The problem → Using the material below, repeat exactly the lines from the one with "Step by Step" through the one with "Hayejin Blessing of", ends included, without any images.

Records to process →
--- START ---

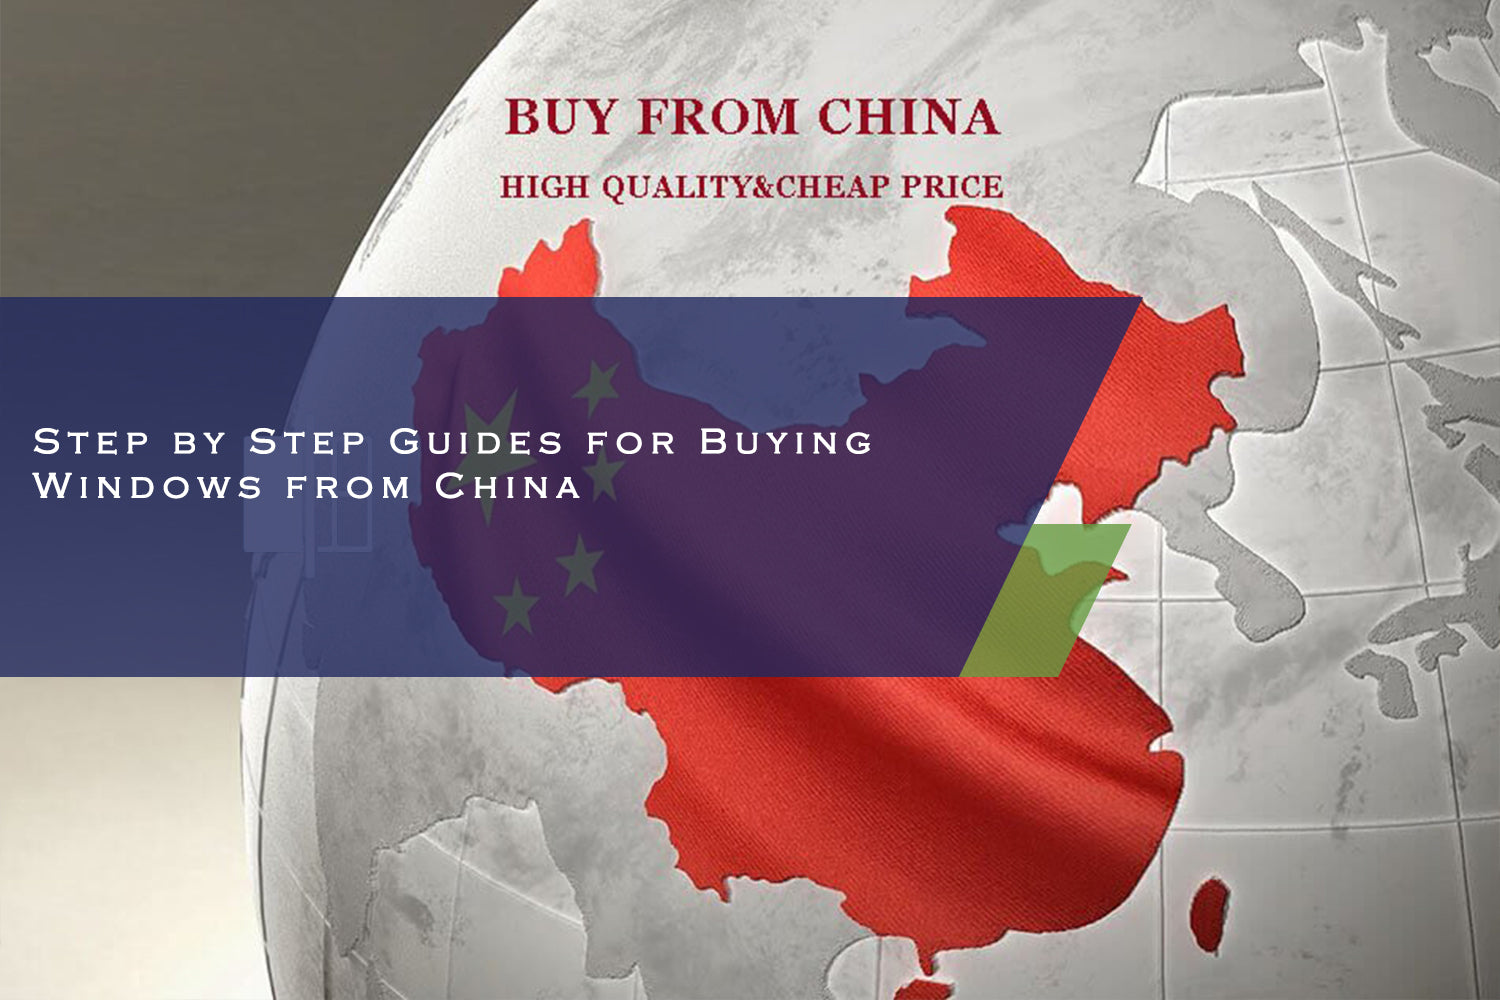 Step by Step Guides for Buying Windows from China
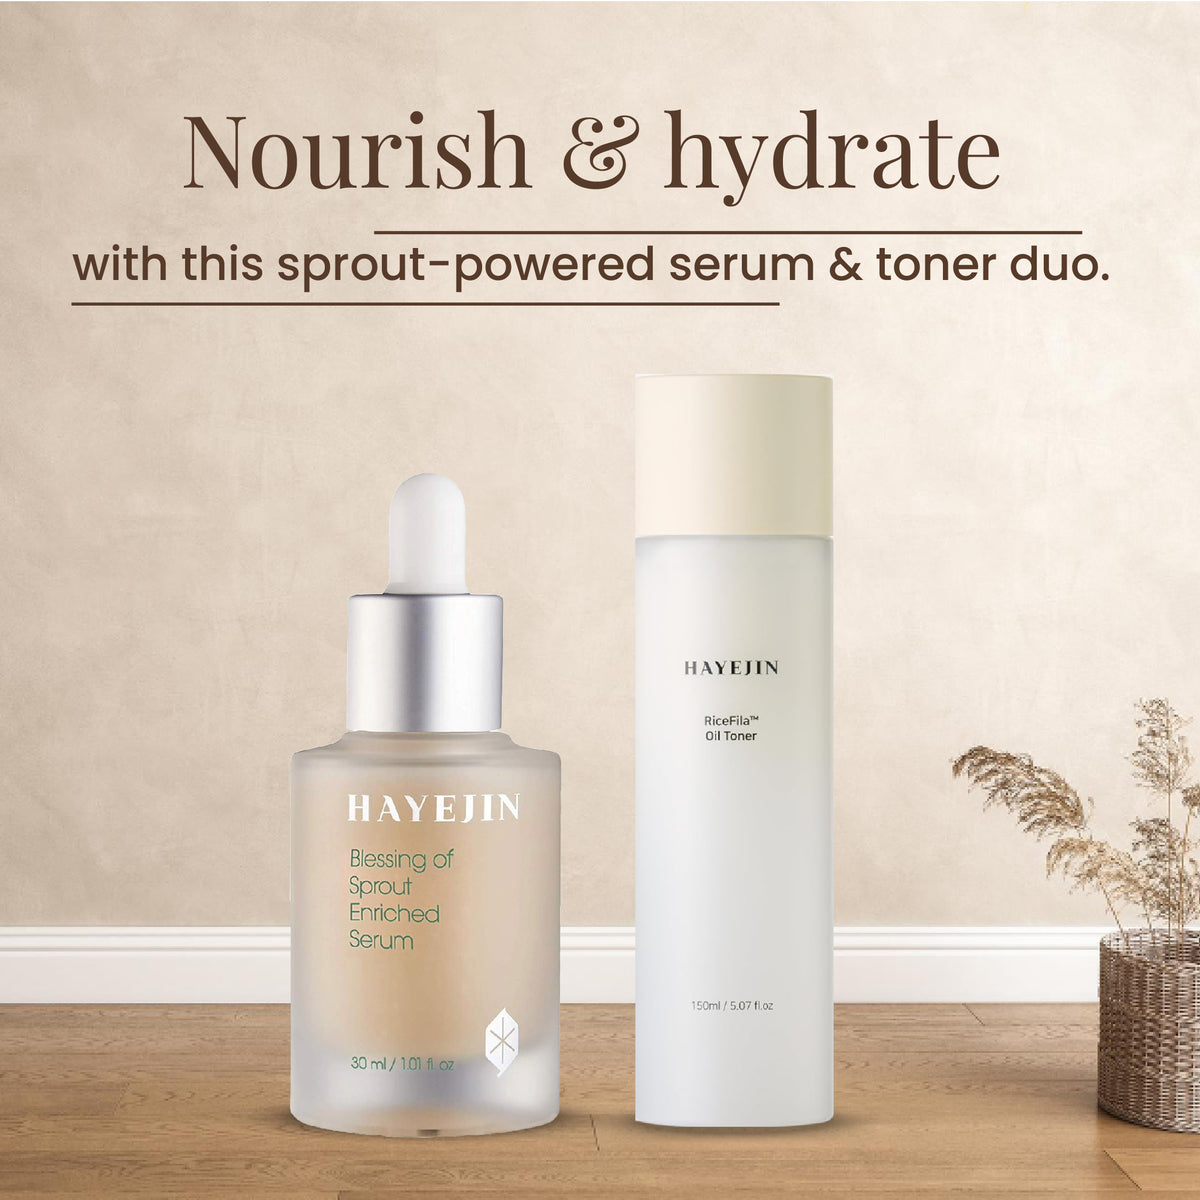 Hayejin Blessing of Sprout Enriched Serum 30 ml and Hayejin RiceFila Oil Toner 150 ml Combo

--- END ---
--- START ---

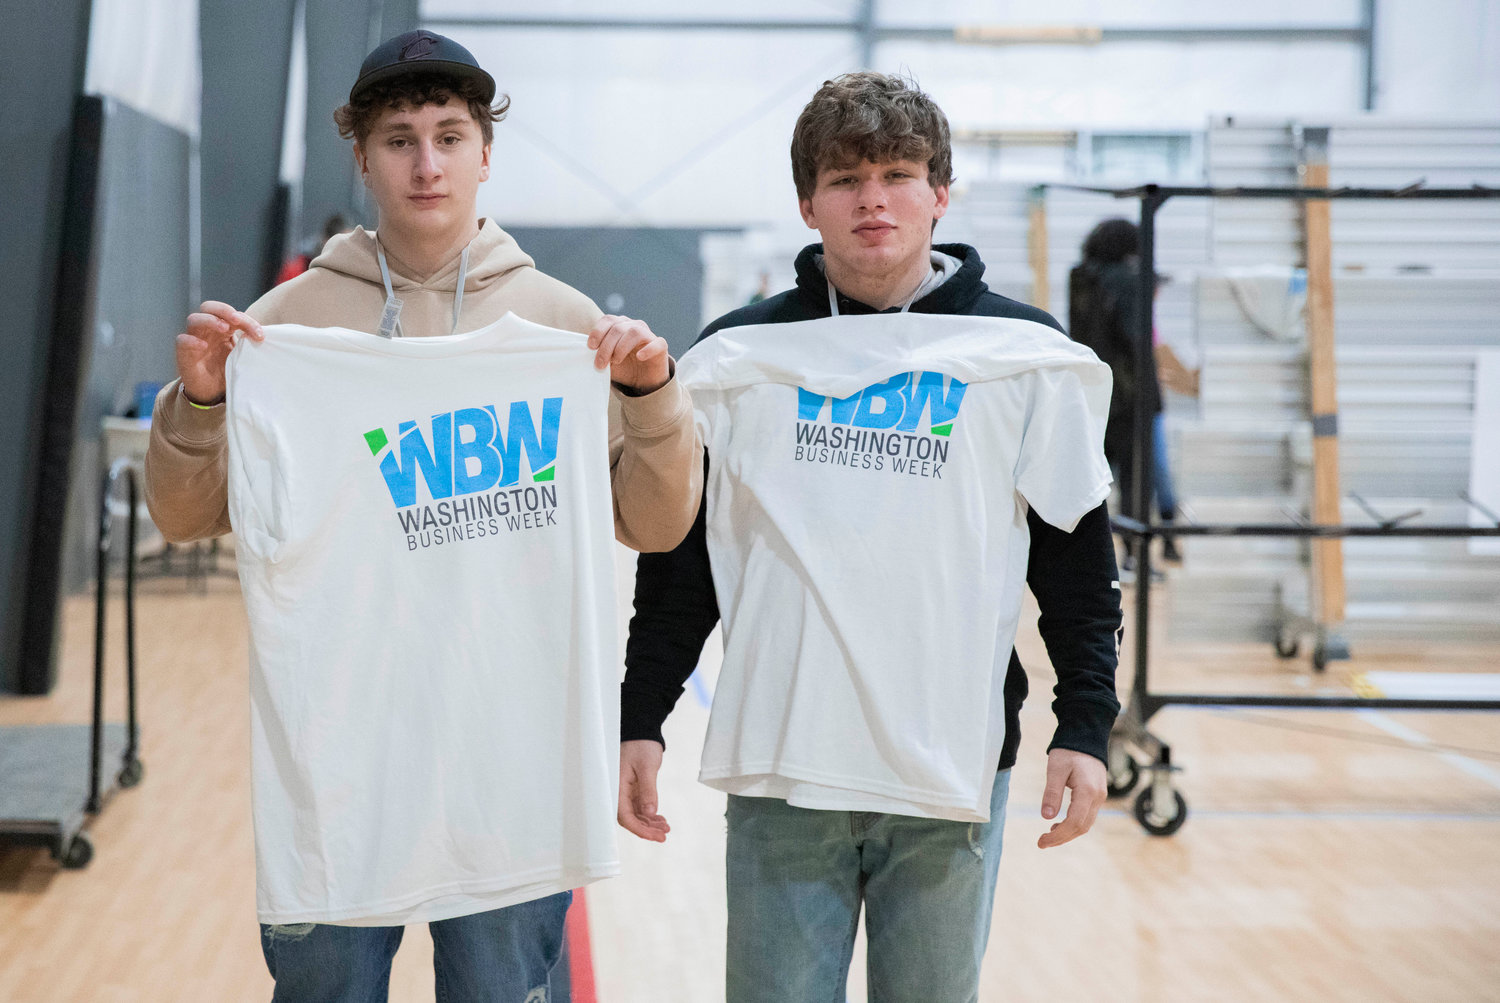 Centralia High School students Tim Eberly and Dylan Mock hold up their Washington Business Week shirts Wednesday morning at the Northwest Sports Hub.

--- END ---

Output for this exercise →
 Step by Step Guides for Buying Windows from China
 Hayejin Blessing of Sprout Enriched Serum 30 ml and Hayejin RiceFila Oil Toner 150 ml Combo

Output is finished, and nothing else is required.